Потом из Степанакерта приехала моя бабушка. Она была больной, у нее тряслись рука и голова, она еле ходила, но всегда что-то делала: мацони, джингалавац, куркут. А отец играл в нарды с дядями и говорил: «шеш-беш», а бабушка стирала и готовила лепешки с зеленью, а я ходил в школу и рассказывал о бабушке друзьям. Друзья смеялись, и однажды мой лучший друг позвонил и закричал в трубку: «Старая блядюга! Старая блядюга!»
У бабушки был темный пузырек с маленькими таблетками, их там было сотни, и каждый день по дороге в школу я съедал по десять-пятнадцать штук, они были сладкие, и я их жевал по одной.
Я был в кино, и несильно порезал себе бок, был на чердаке и сильно порезал себе ногу, купил в Елисеевском свою первую бутылку водки и пил ее на геометрии, на алгебре, на географии, на истории. Историк отсадил меня за последнюю парту, сказал, что там теперь будет мутанарий, потому что я мутант, а потом он заметил, что я под партой звякаю бутылкой…Я убежал, и меня изловили друзья, повели к лучшему другу Даниле, и лучший друг блевал, я плавал в собачьих прудах в Сокольниках и изрезал пятки. Кровь хлюпала в ботинках, и мама, открыв дверь, перепугалась и потащила меня в ванну, тогда она, наверно, последний раз видела меня голым, и отец почему-то не ругался, а я твердил, что перепил растворимого кофе и на следующий день не пошел в школу, но таблетки продолжали пропадать из бабушкиного пузырька, пока не кончилась война в Нагорном Карабахе и бабушка не увезла пузырек в Степанакерт.

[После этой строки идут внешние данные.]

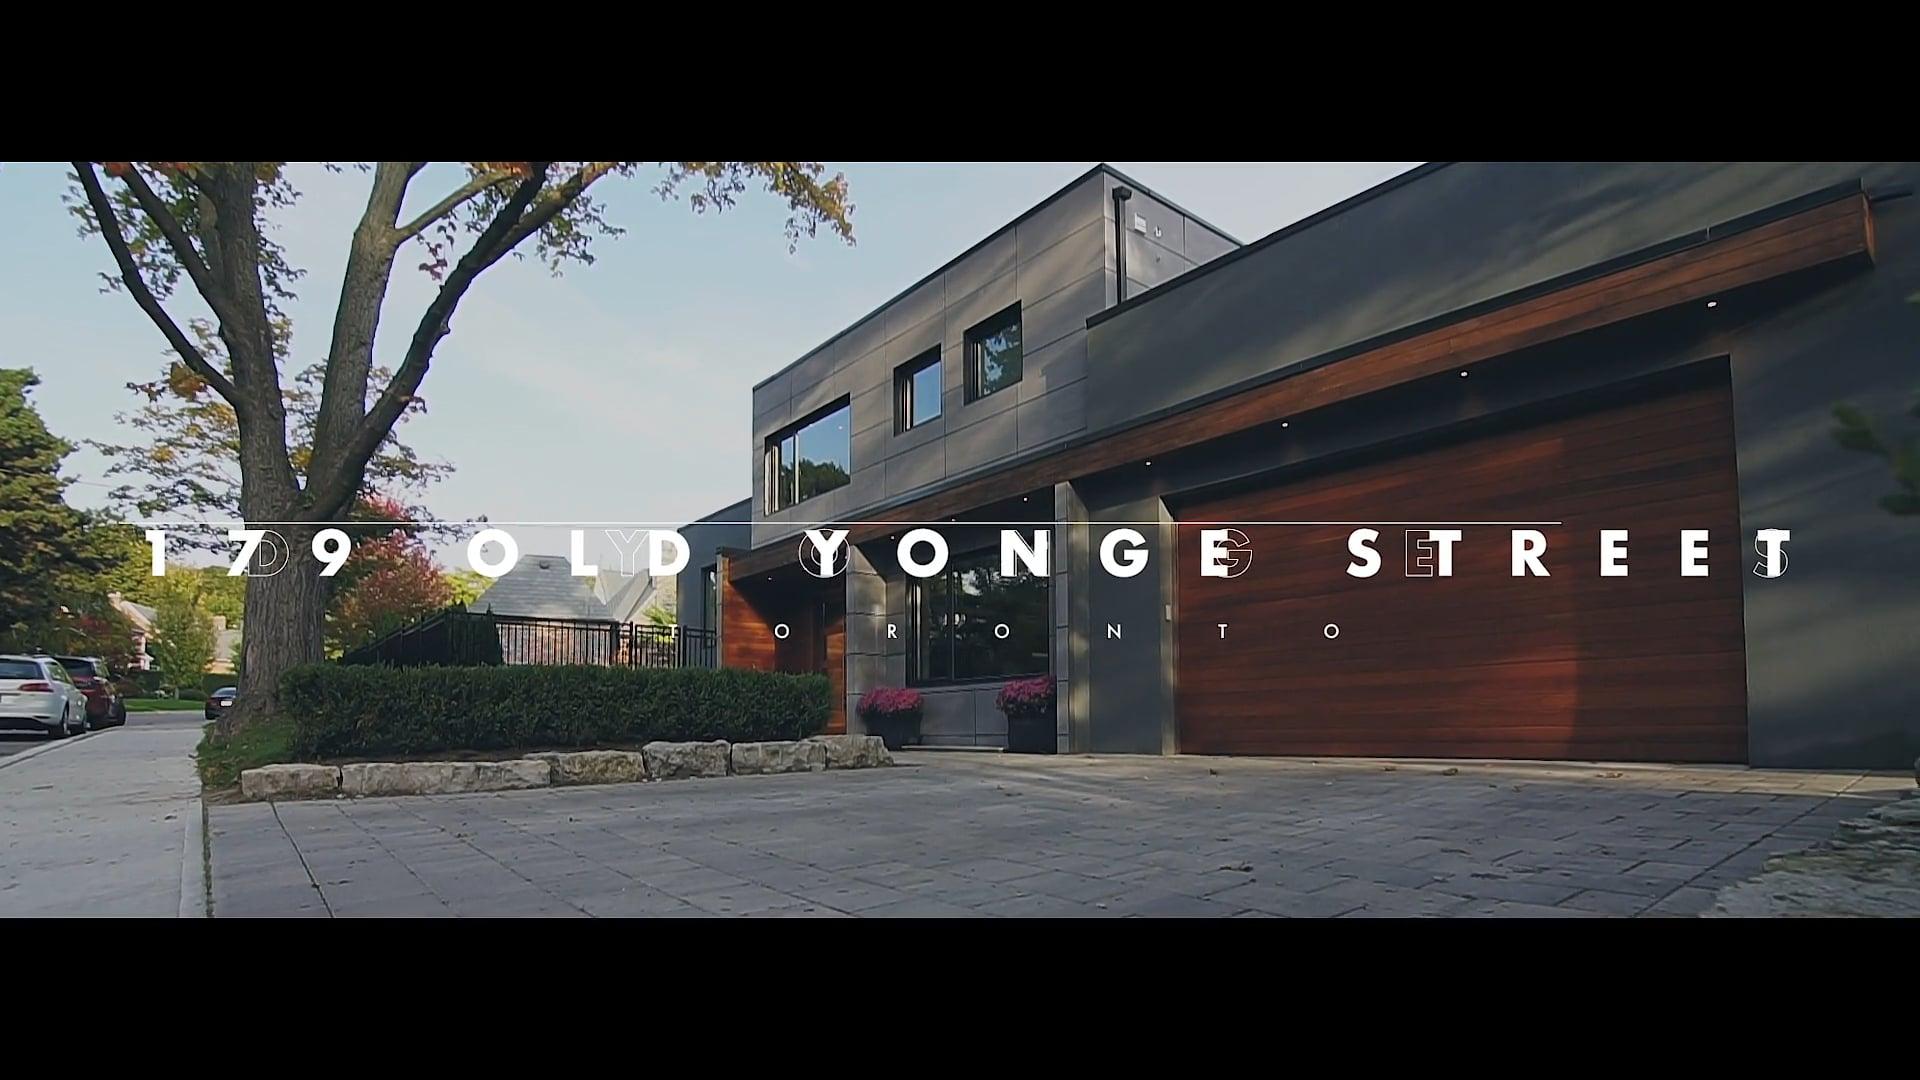 179 Old Yonge Street

Когда умер отец и его гроб поставили на кирпичи на столе в гостиной, мне уже было двадцать лет. Первым делом я забрал отцовские сигареты и курил их, не прячась. Потом я плакал и дал себе слово заботиться о семье, стал серьезным и пошел работать в СУ-160, напился с рабочими в Новый год и говорил, что тут я надолго, потом я решил зарабатывать больше денег, а мои друзья курили гашиш и пили водку. Потом я держался за руки с любимой в Александровском саду, а мои друзья курили гашиш и пили водку. Мы с любимой осуждали их и любили друг друга. А потом это прошло. Я перестал быть серьезным и перестал осуждать друзей. Я отовсюду уволился и пошел на Люблинское поле.
III
Шалаш у Вадима получился крепким, и, что важно, — водонепроницаемым. Ведь раньше, если начинался ливень, приходилось бежать домой по полю, утыканному арматурой, с бурьяном выше роста, к тропинке, через дорогу… А шалаш засыпан травой и сверху, и по бокам — до темноты. Когда льет долго, крыша, проложенная целлофаном, оседает, и гнутся под тяжестью воды два сучковатых шеста, между которыми — вход.

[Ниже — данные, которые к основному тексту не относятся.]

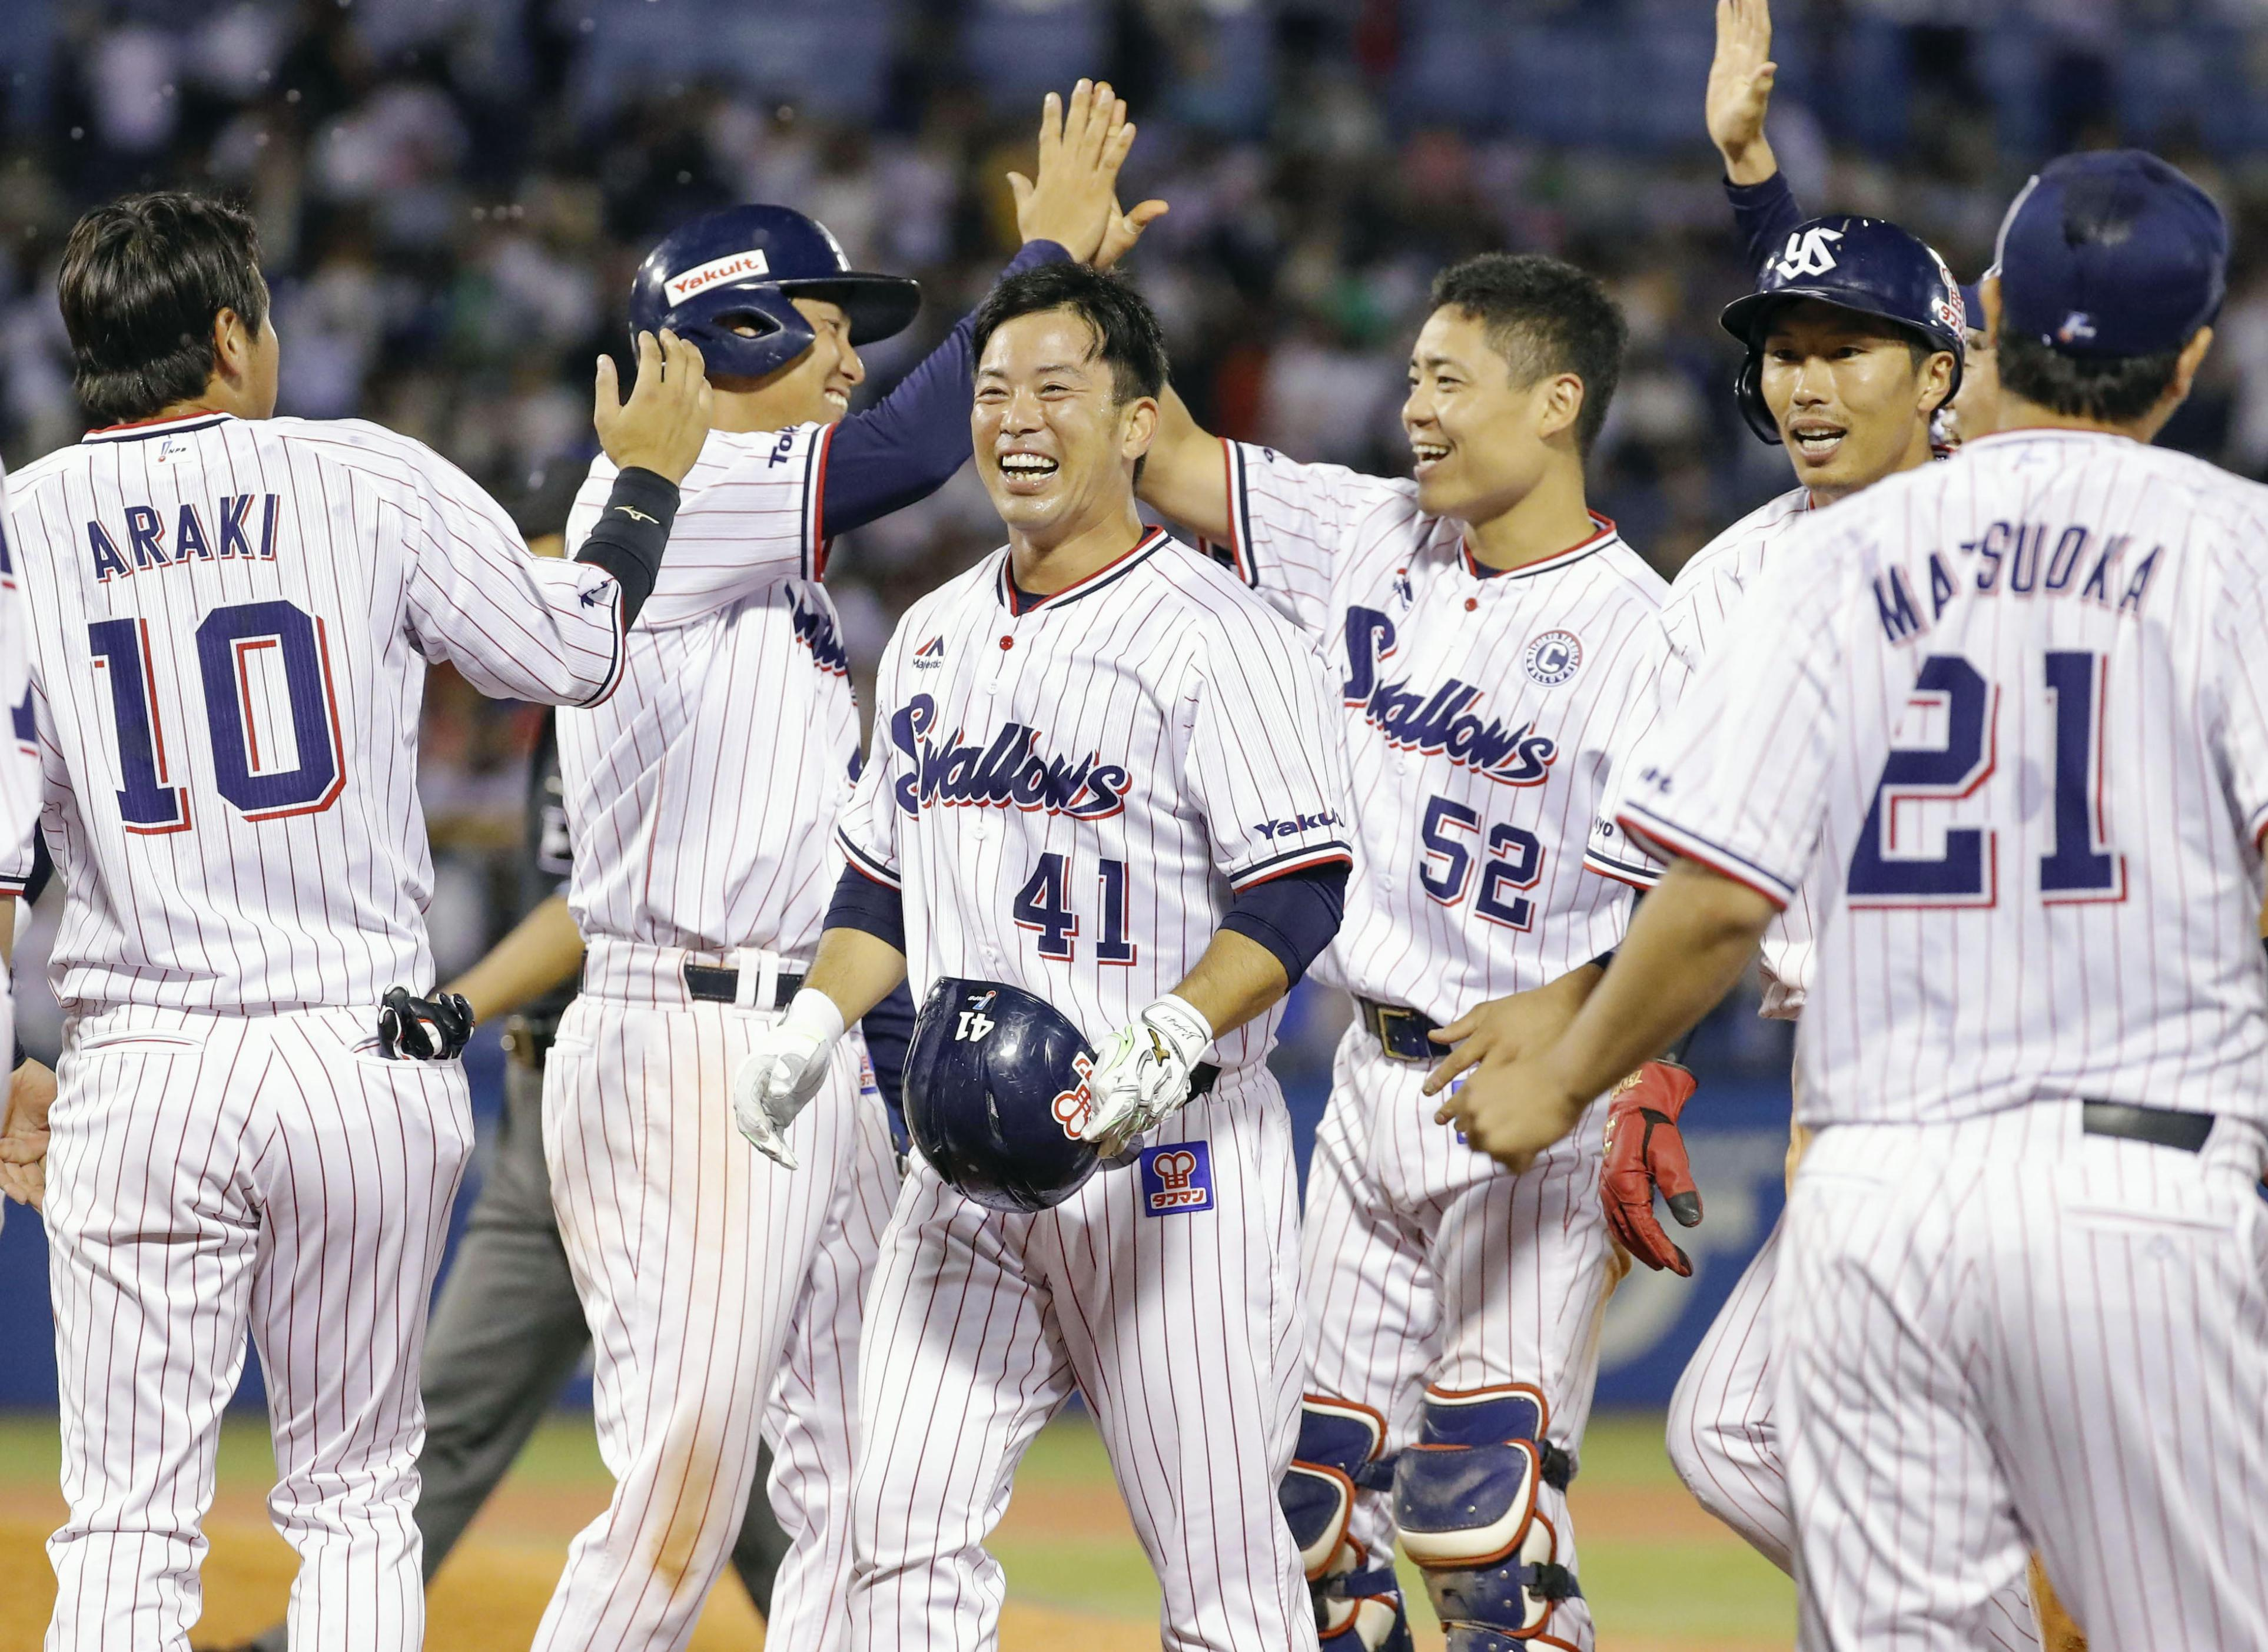 BASEBALL GATE              プロ野球            14年以来の1試合2発!東京ヤクルト・雄平がチームを7連勝に導く!

Сидеть можно или на корточках, так как вода заливает пол, или на низкой яблоневой ветке с истертой корой. На этой ветке люди сидели, когда шалаша еще не было, но потом вдоль дороги прорыли широкую и глубокую, как котлован, траншею и теперь зайти на поле можно было только в нескольких местах, там, где въезжали грузовики. По краю траншеи был навален грунт, и получалось, что от дороги и от полосы кварталов промзону отгораживали холмы, поросшие кустарником.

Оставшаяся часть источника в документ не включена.